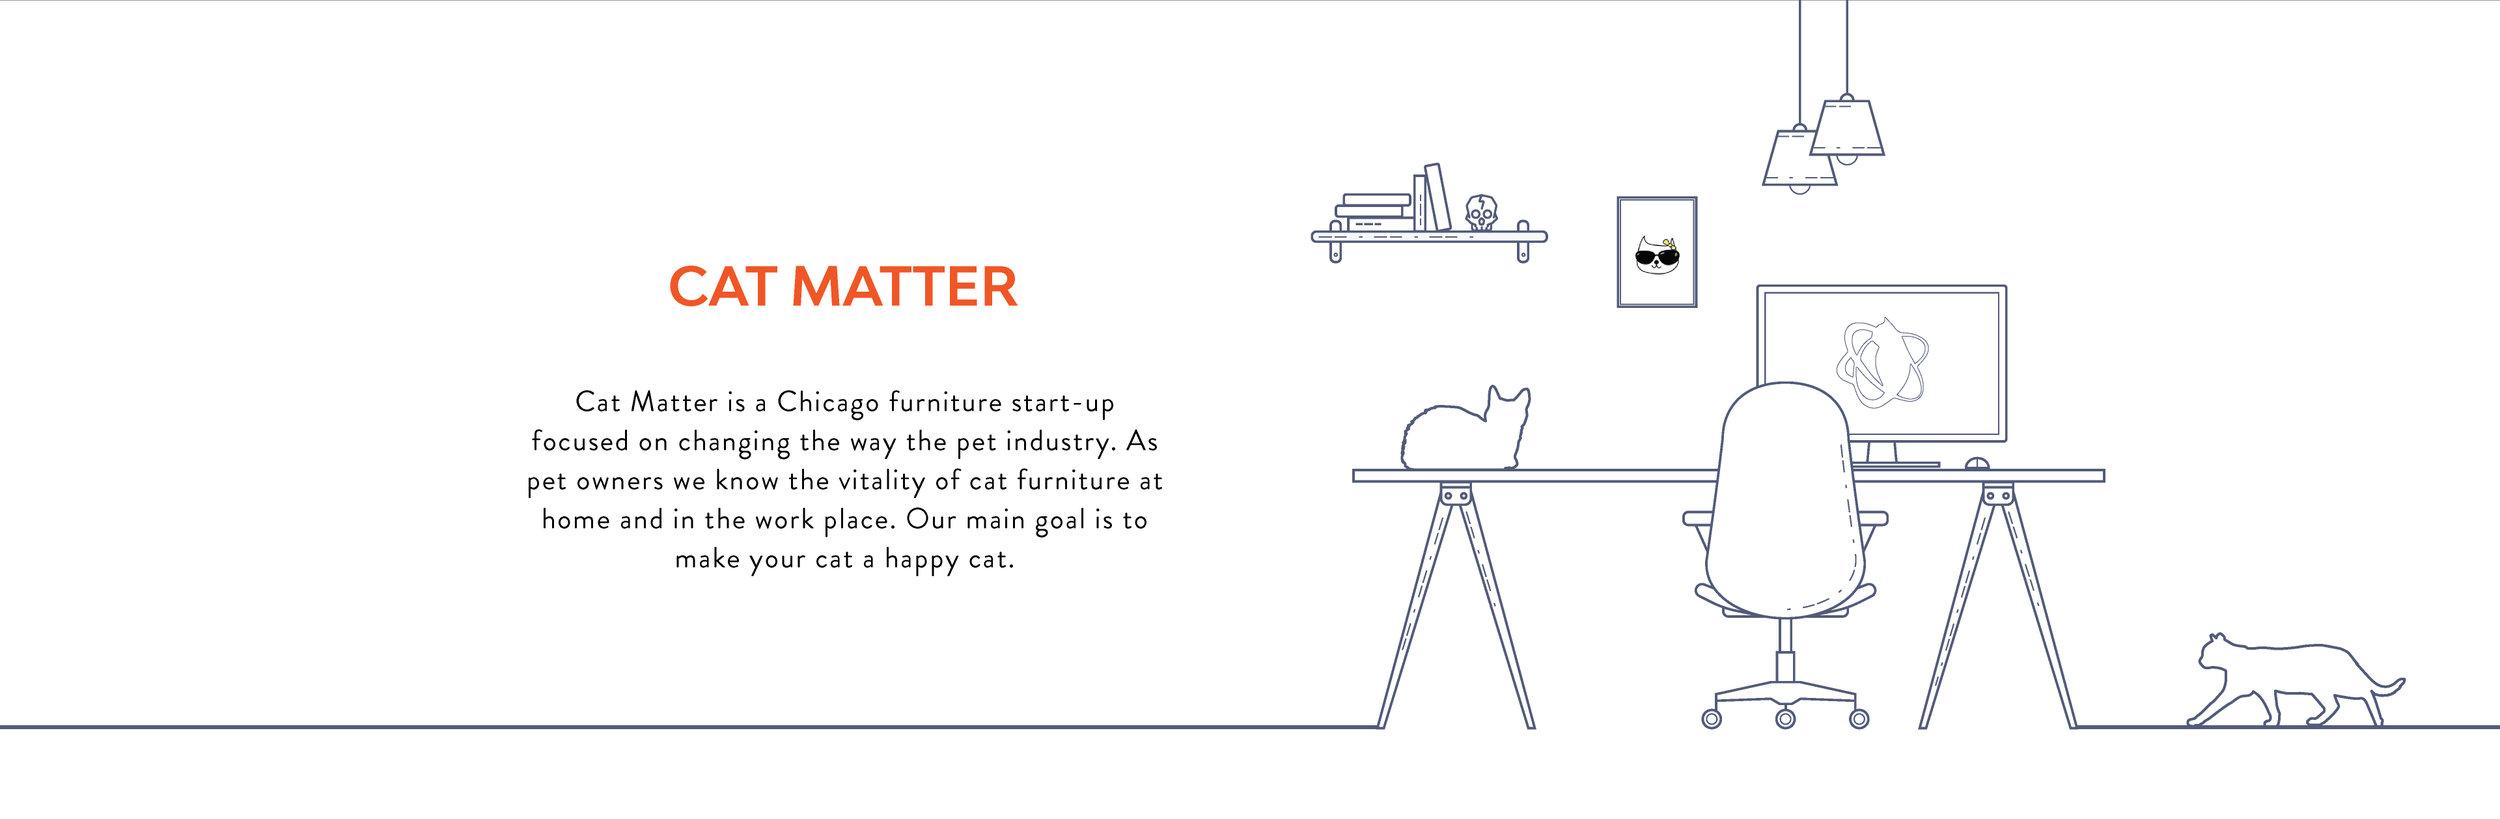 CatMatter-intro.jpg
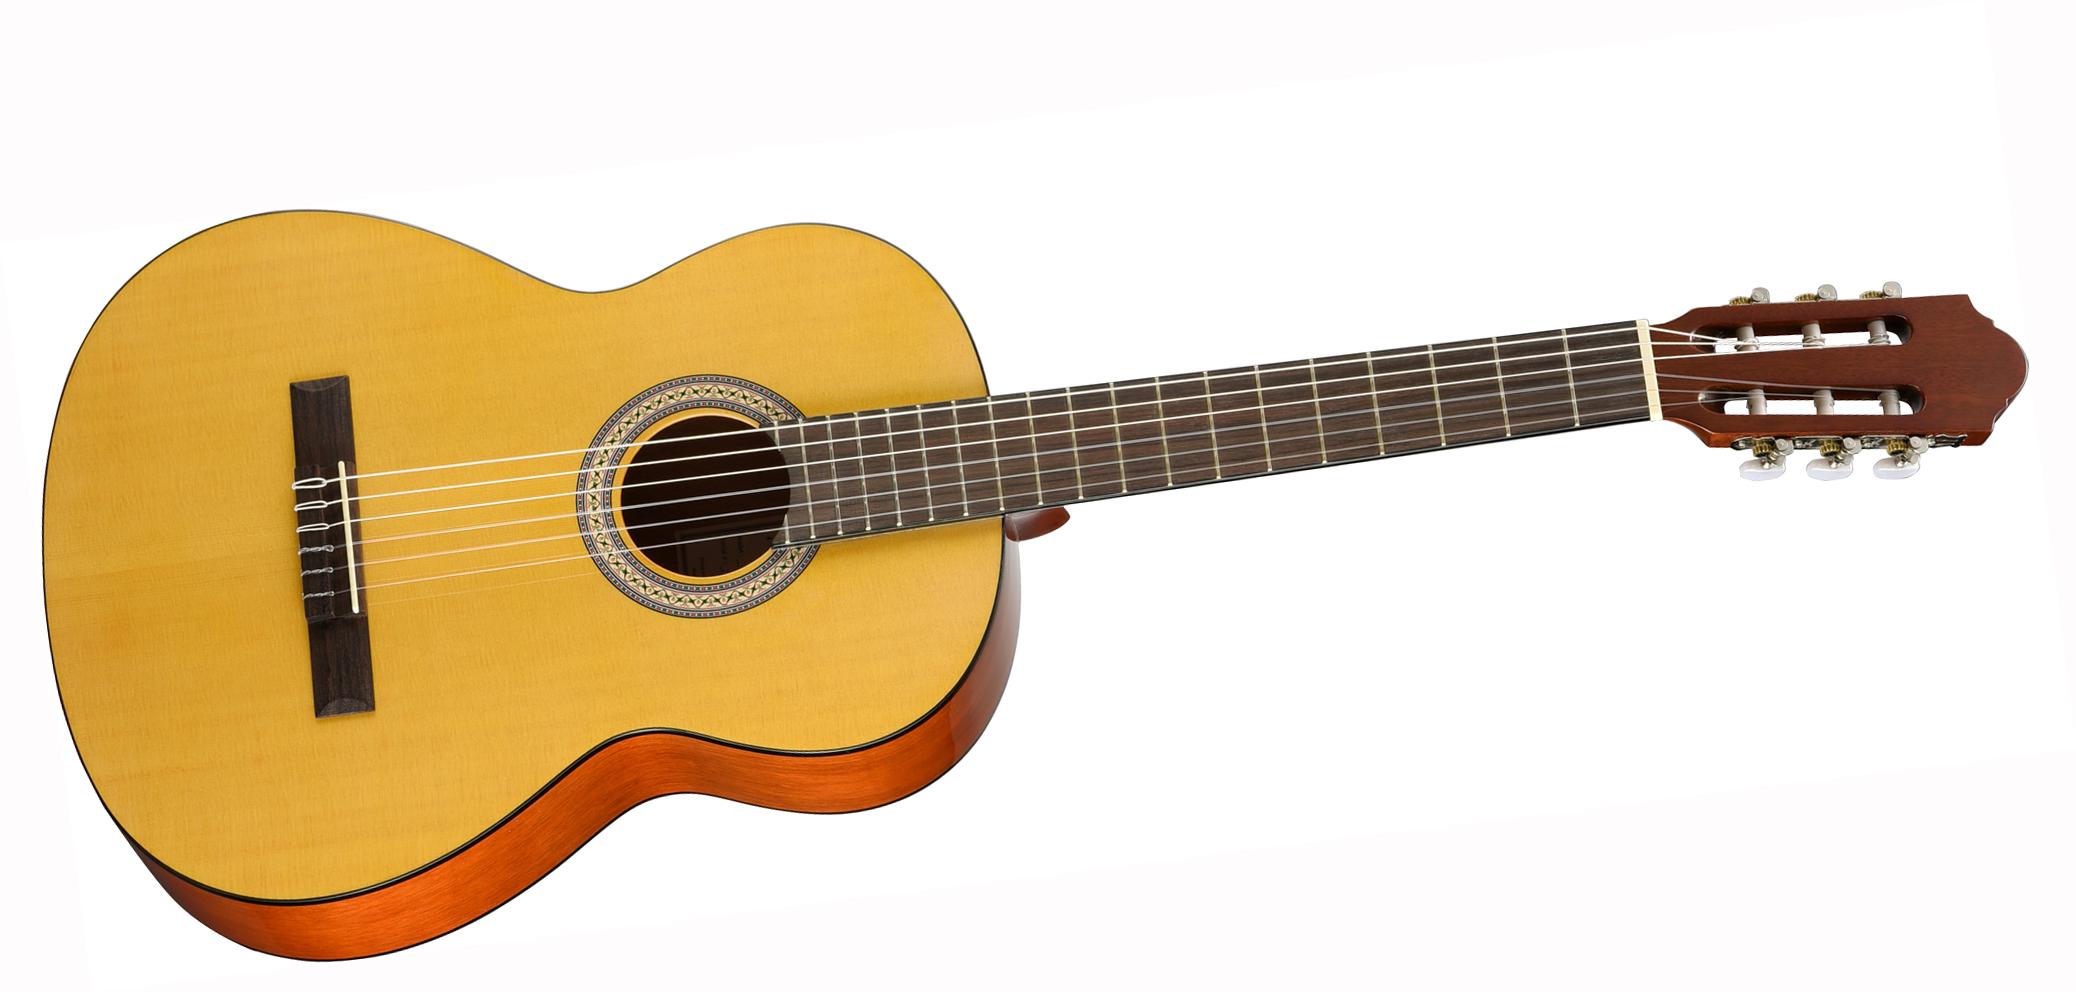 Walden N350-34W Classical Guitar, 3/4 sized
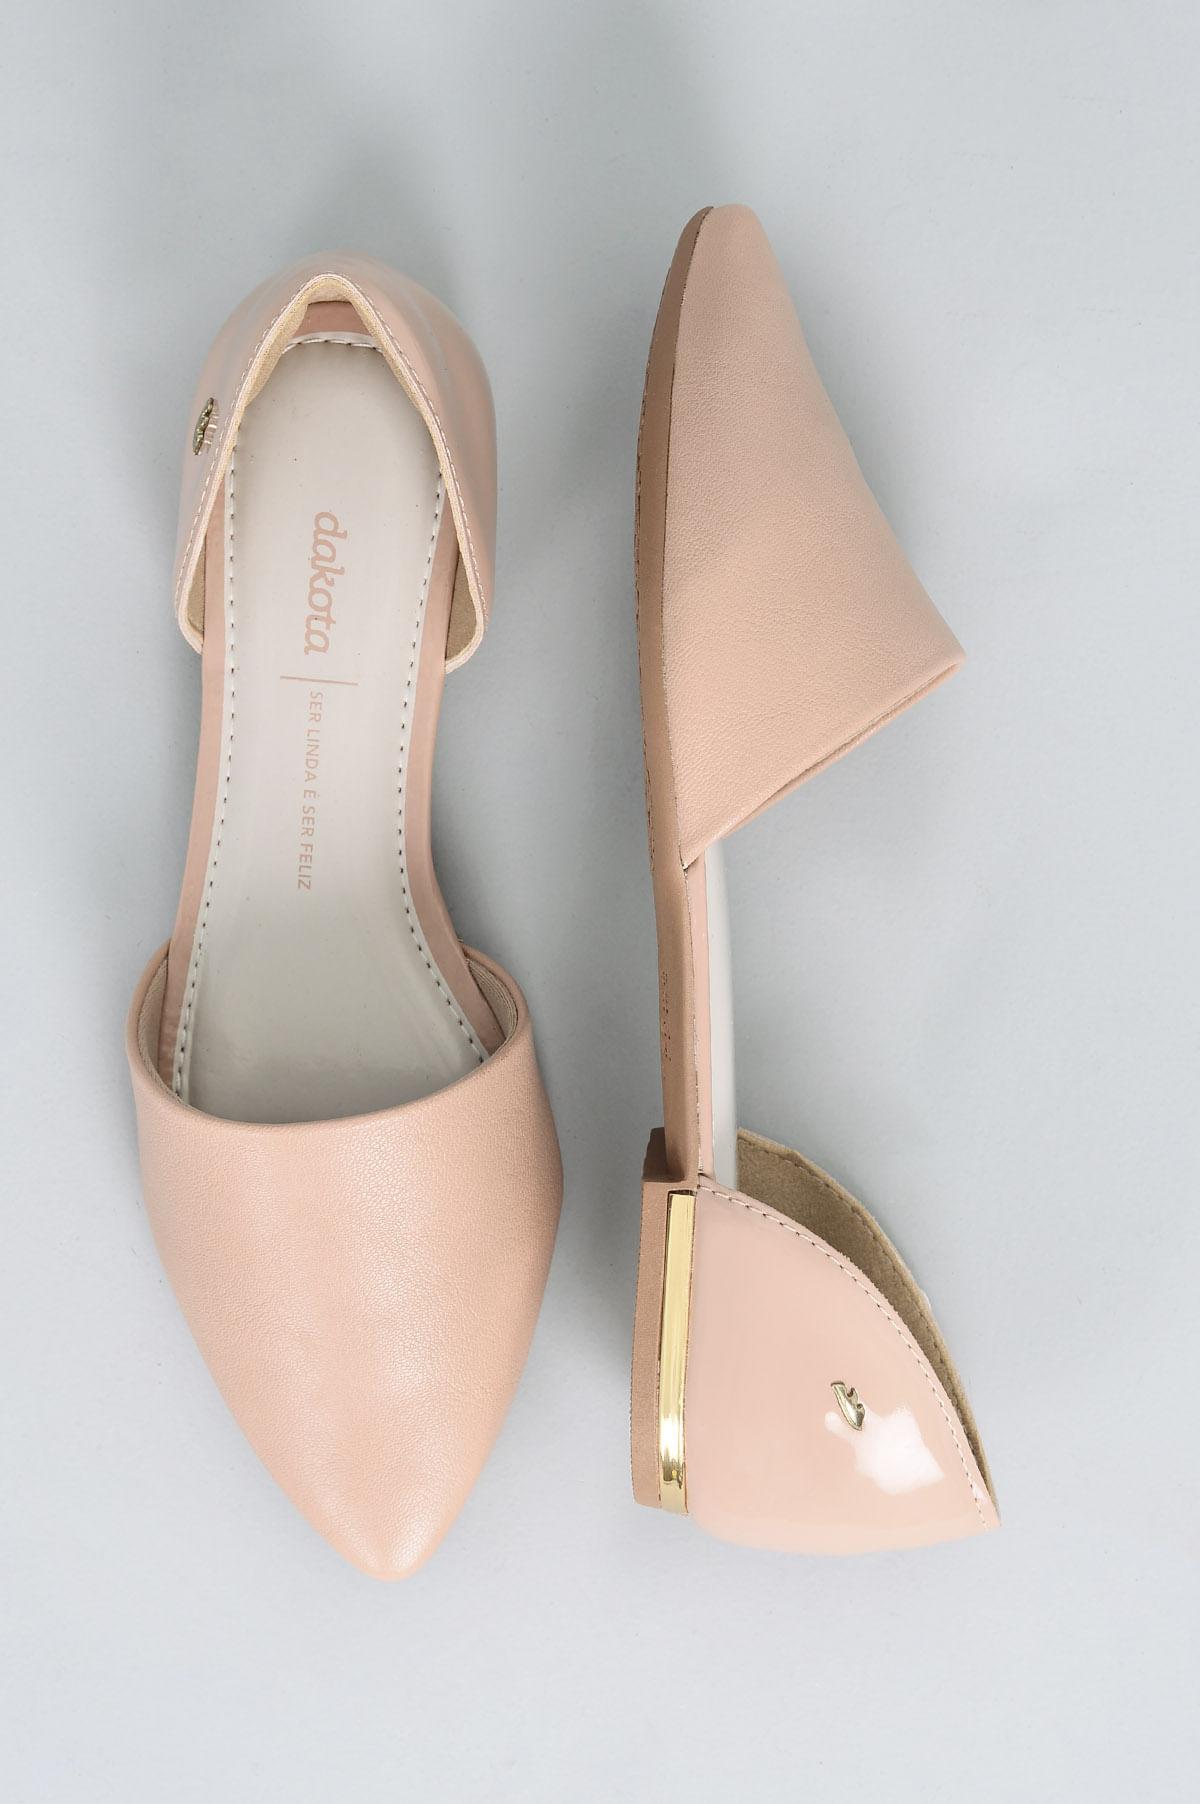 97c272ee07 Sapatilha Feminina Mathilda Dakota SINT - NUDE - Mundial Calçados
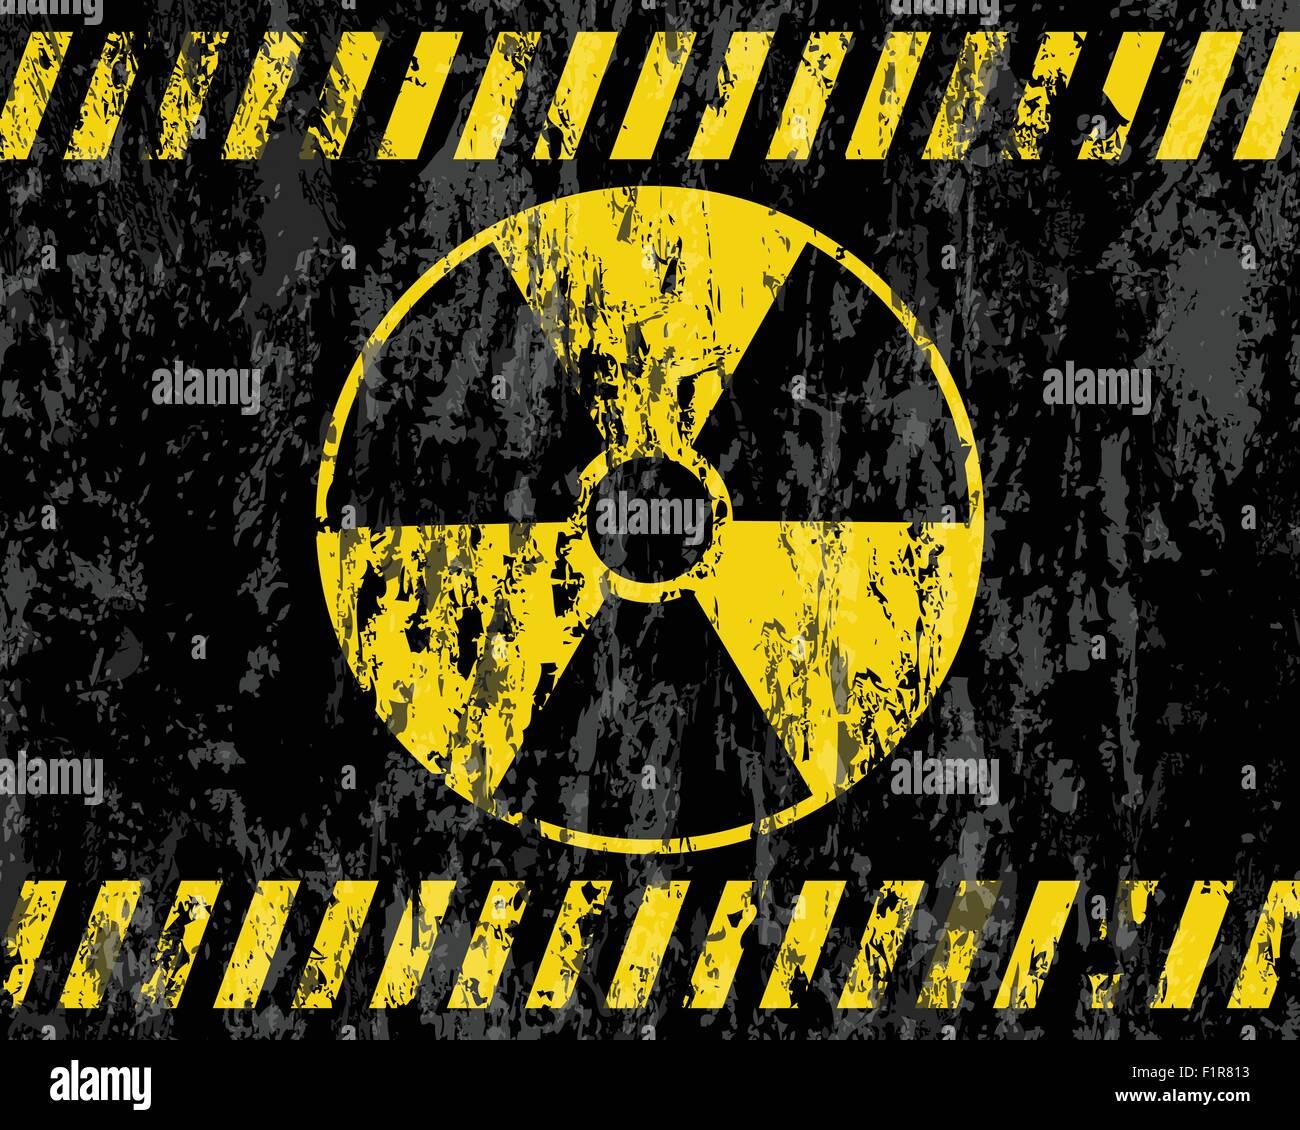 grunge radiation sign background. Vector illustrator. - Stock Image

********

#### What is expected
Repeat the material above word for word but skip the images.

#### Solution
 CatMatter-intro.jpg
 Walden N350-34W Classical Guitar, 3/4 sized
 97c272ee07 Sapatilha Feminina Mathilda Dakota SINT - NUDE - Mundial Calçados
 grunge radiation sign background. Vector illustrator. - Stock Image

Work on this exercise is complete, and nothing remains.